(Data extracted from a collection)
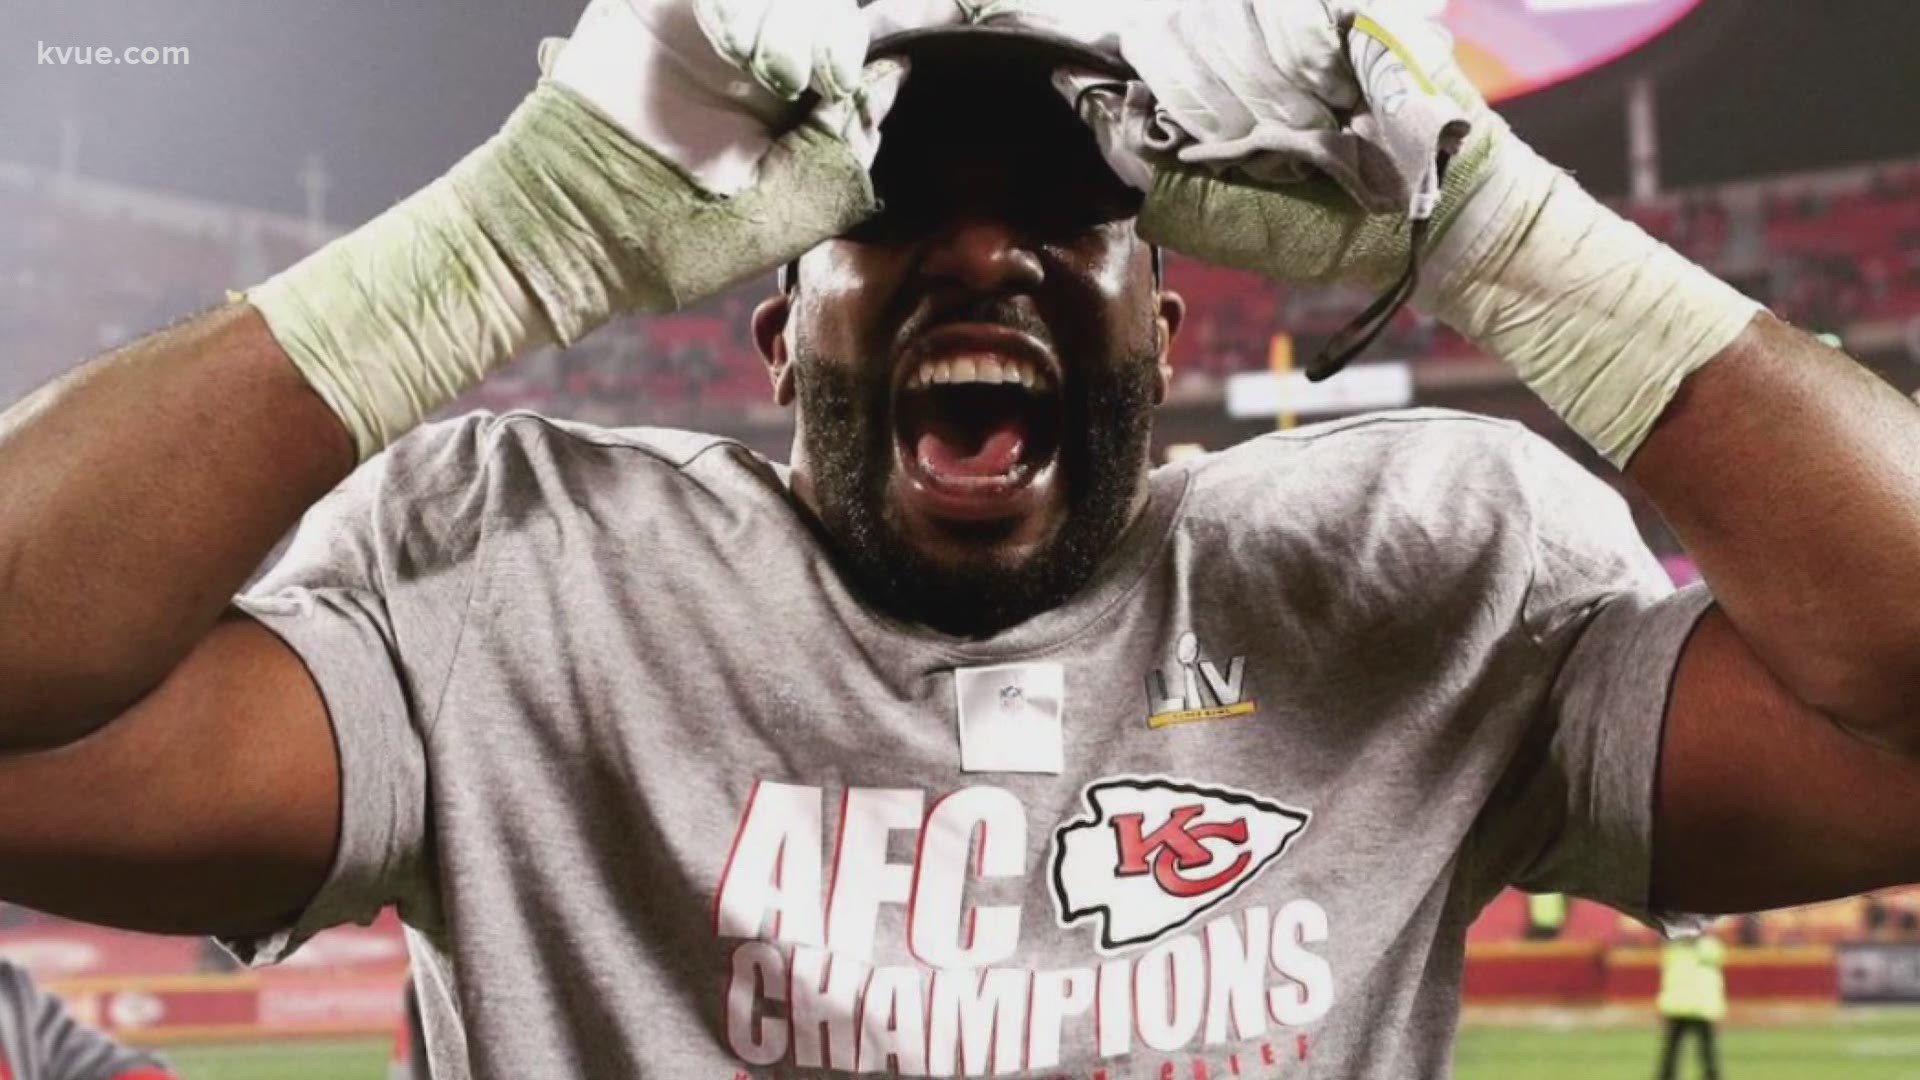 After being injured in last year's Super Bowl win, Kansas City Chiefs defensive end Alex Okafor had a long road to recover, but is now ready for his second chance.
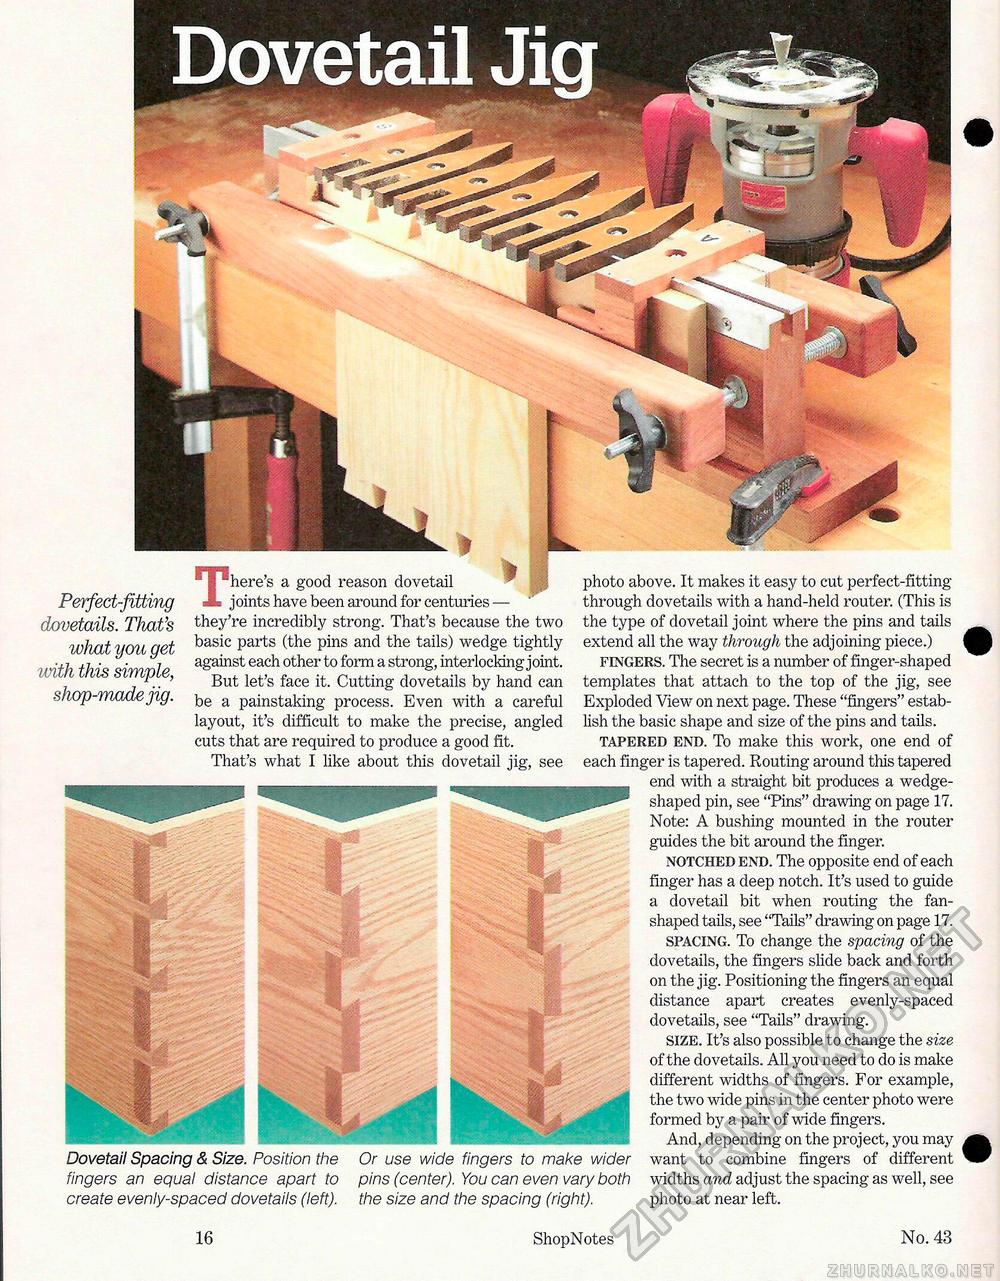 43 - Build Your Own Dovetail Jig,  16
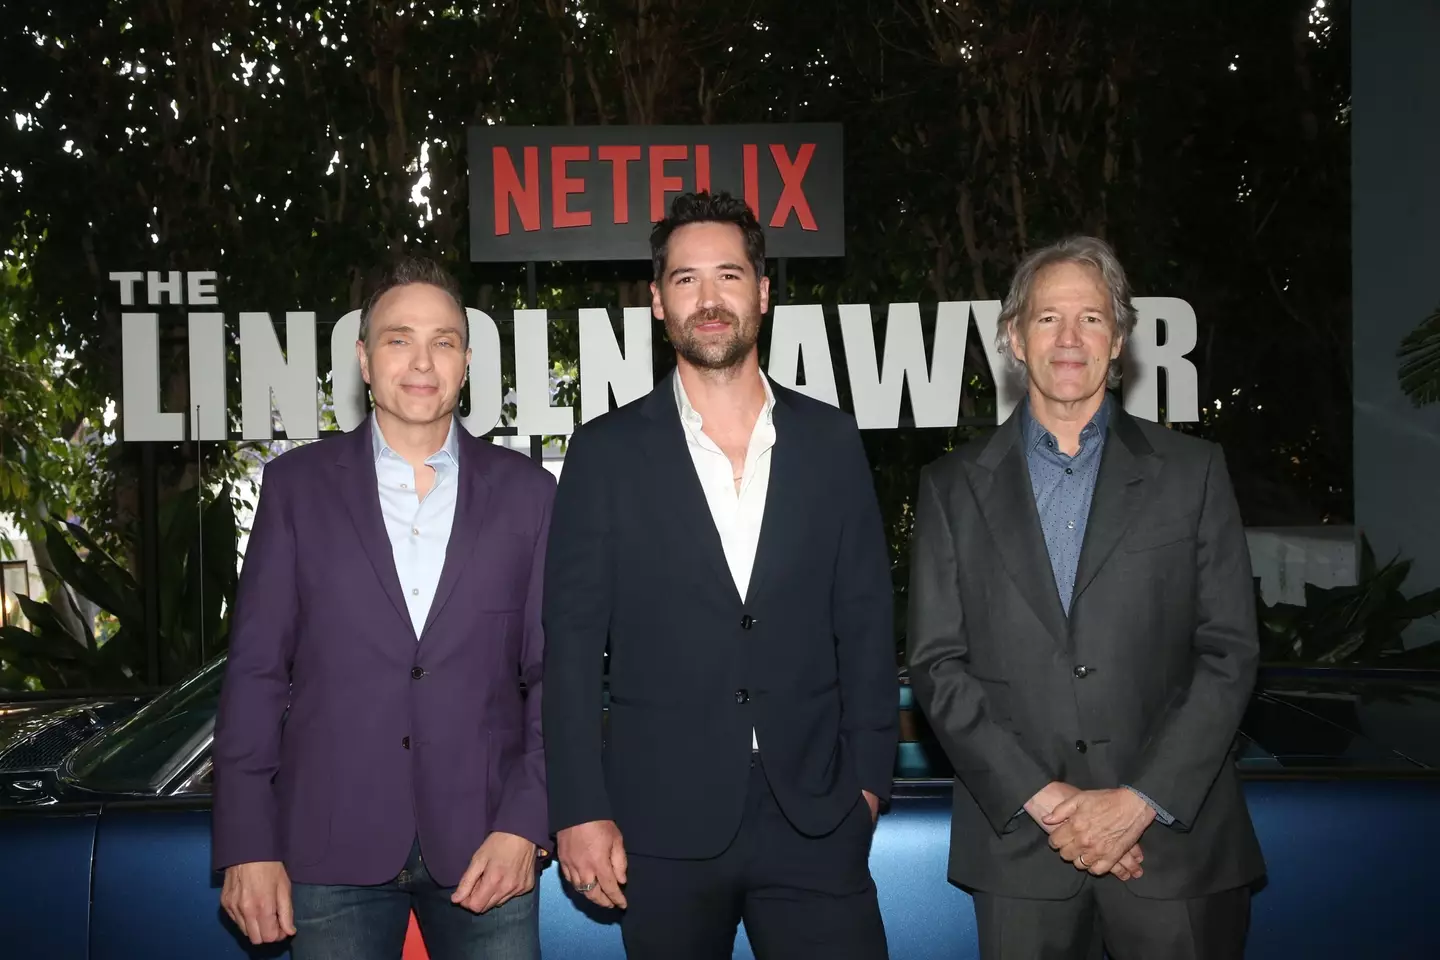  Ted Humphrey, Manuel Garcia-Rulfo, David E. Kelley. The Netflix Premiere of The Lincoln Lawyer held at The London West Hollywood. Credit Alamy
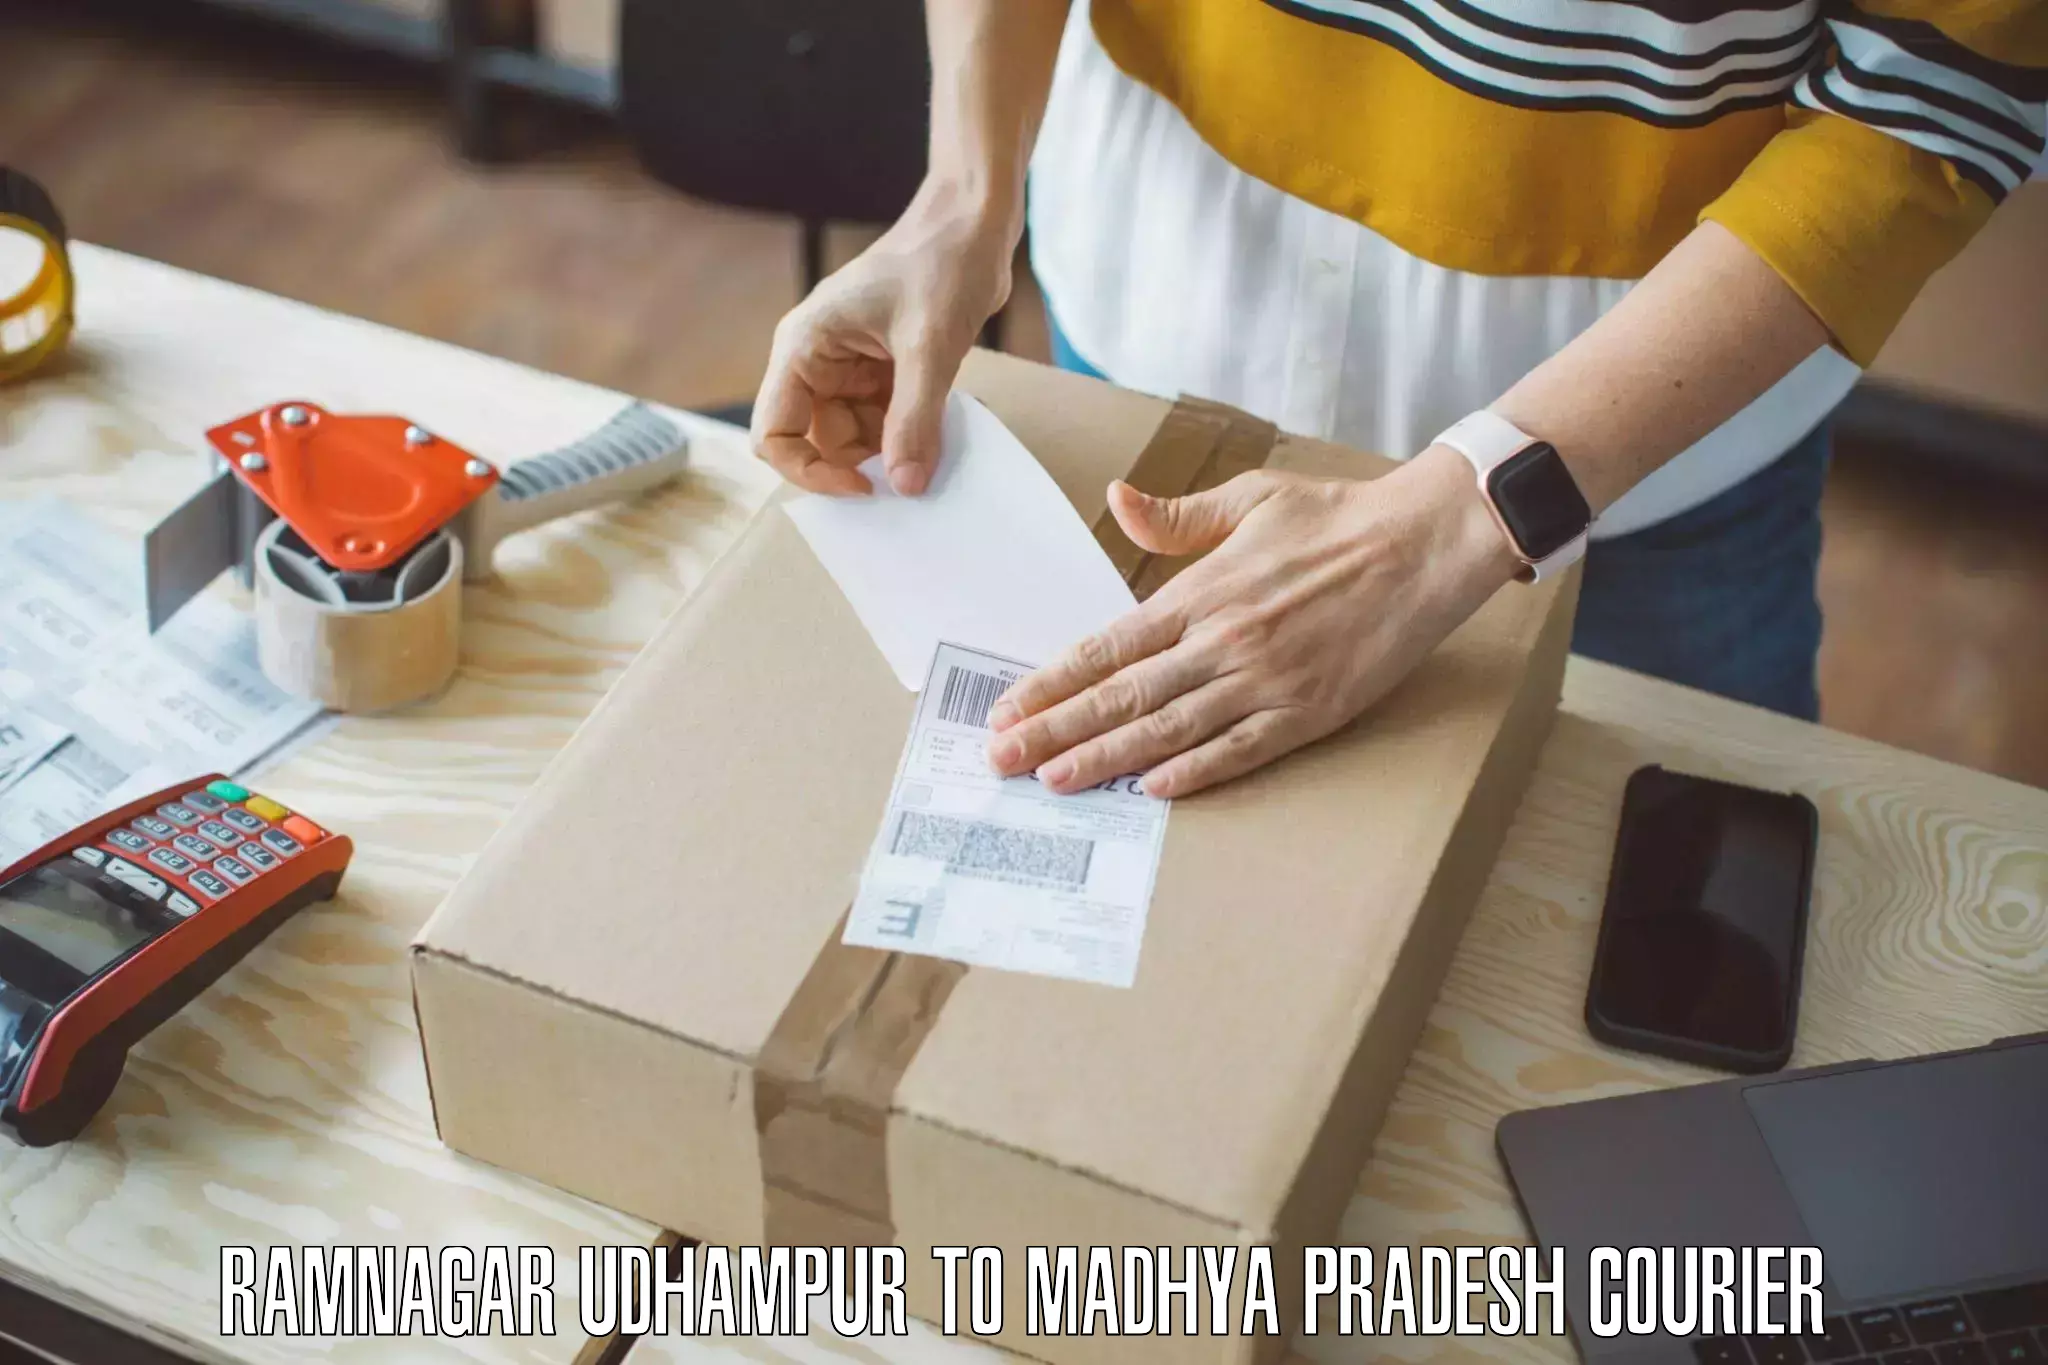 Residential moving experts Ramnagar Udhampur to IIIT Bhopal
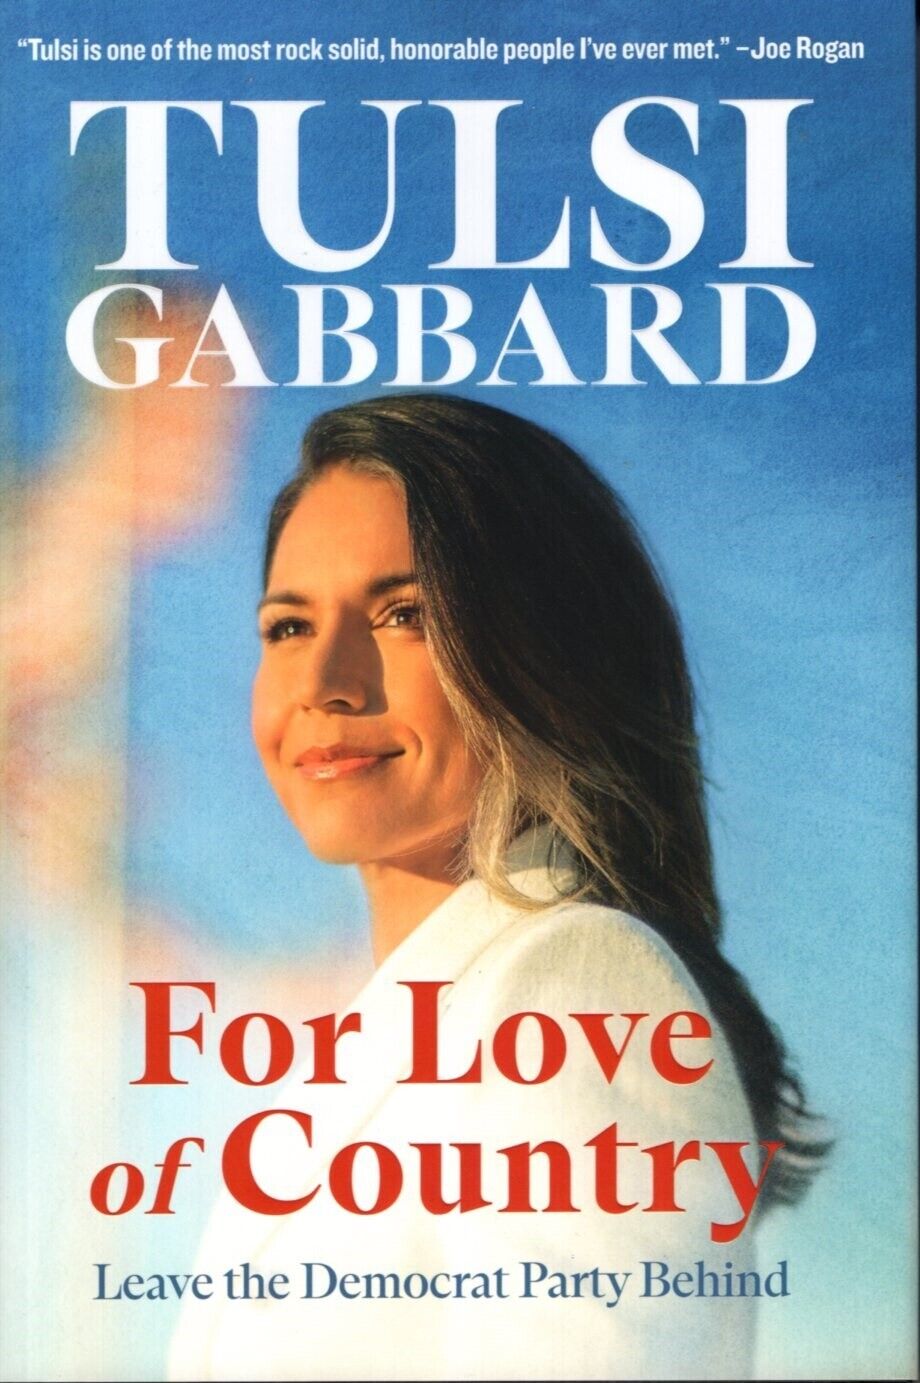 TULSI GABBARD signed autographed 1st edition book

--- Work request ---
Take the records above and transcribe them exactly, dropping every picture.

--- Solution to this exercise ---
 After being injured in last year's Super Bowl win, Kansas City Chiefs defensive end Alex Okafor had a long road to recover, but is now ready for his second chance.
 43 - Build Your Own Dovetail Jig,  16
  Ted Humphrey, Manuel Garcia-Rulfo, David E. Kelley. The Netflix Premiere of The Lincoln Lawyer held at The London West Hollywood. Credit Alamy
 Residential moving experts Ramnagar Udhampur to IIIT Bhopal
 TULSI GABBARD signed autographed 1st edition book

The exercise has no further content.